You're absolutely right that payroll taxes, not the taxes Bush cut, fund Social Security. But I don't think it's irrelevant. Your side of the debate talks a lot about 2018 (2017, sorry), when benefits paid out will be less than payroll taxes taken in. If the excess regressive payroll taxes collected from 1983 through 2017 were saved rather than used to mask deficits caused in part by tax cuts for the rich, then this date wouldn't be much of a problem, but it's now an issue because of that.

Even putting that issue aside, as long as we're fashioning proposals to remake Social Security, why not consider switching to a different taxation formula? I was responding to your request for Social Security funding solutions. If diversion of payroll taxes to private (or personal, whatever) accounts is on the table, I don't see why we can't rethink the payroll tax as the sole funding mechanism for Social Security.

 
At 1:38 AM, Blogger Greg said...

The $11.1 trillion figure is the estimate needed to fully fund Social Security, with its current benefit levels, forever, given best estimates about future mortality and population growth. Fully funded pensions do have to make these types of calculations for the indefinite time frame.

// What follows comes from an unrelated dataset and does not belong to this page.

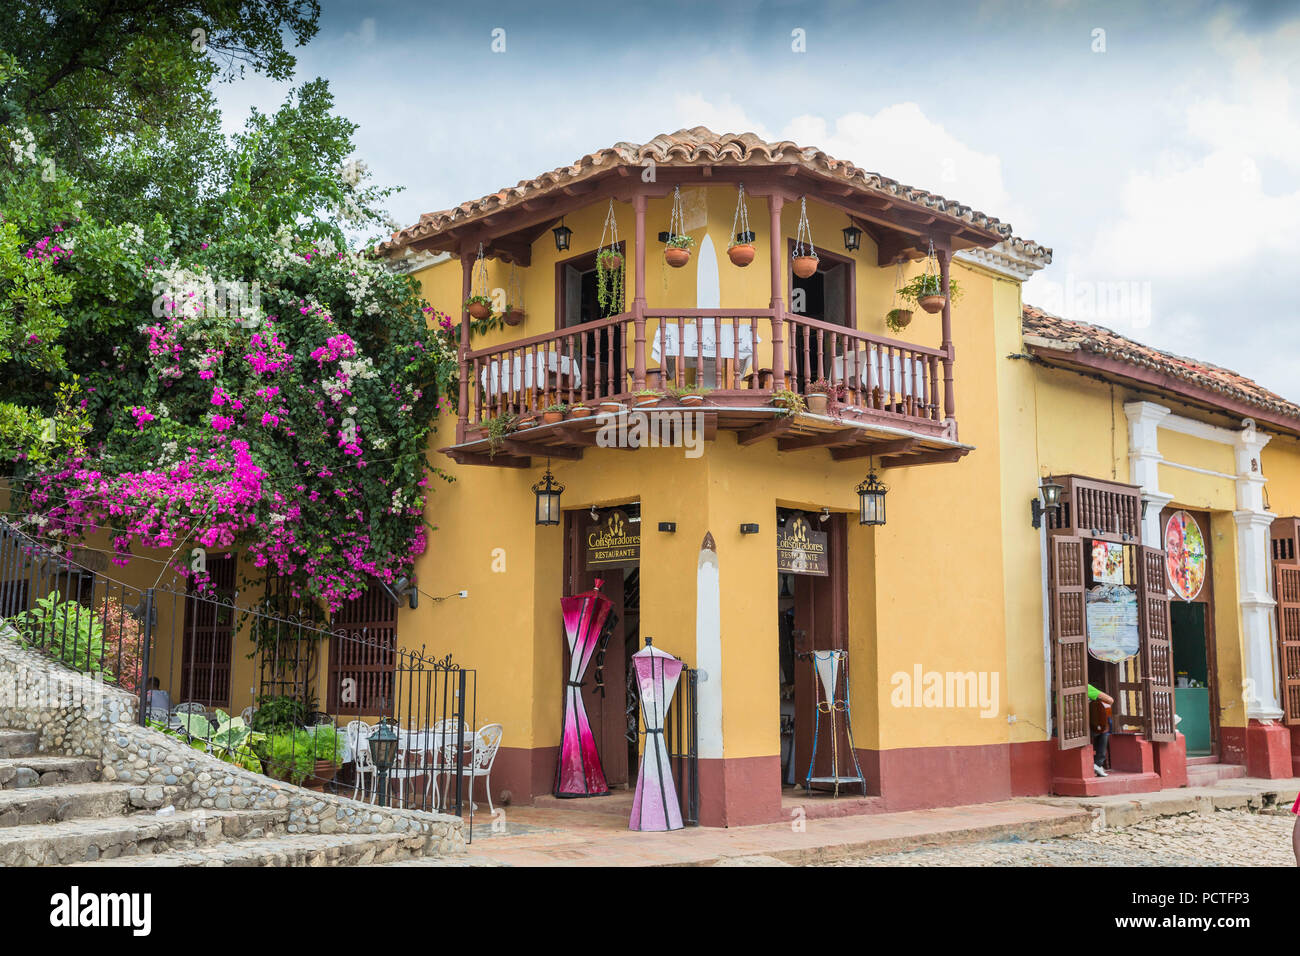 Restaurant Los Conspiradores, Trinidad, Sancti Spiritus Province, Cuba, Republic of Cuba, Greater Antilles, Caribbean - Stock Image

Far enough in the future, present values of amounts are trivial. But that's when you're trying to estimate the mismatch in a fully funded pension plan. In the case of Social Security, when you're trying just to fund the system through a set date, leaving nothing left in the system for future loss, that's a significant difference. ($7 trillion, or so.)

I do not think we should fund Social Security out of general revenues on a going-forward basis. It would radically transform the program from a national pension system to just another welfare program, and I think the consequences would be dire. However, I am willing to consider a temporary funding of shortfalls for a transformation of the system involving inviolable personal accounts.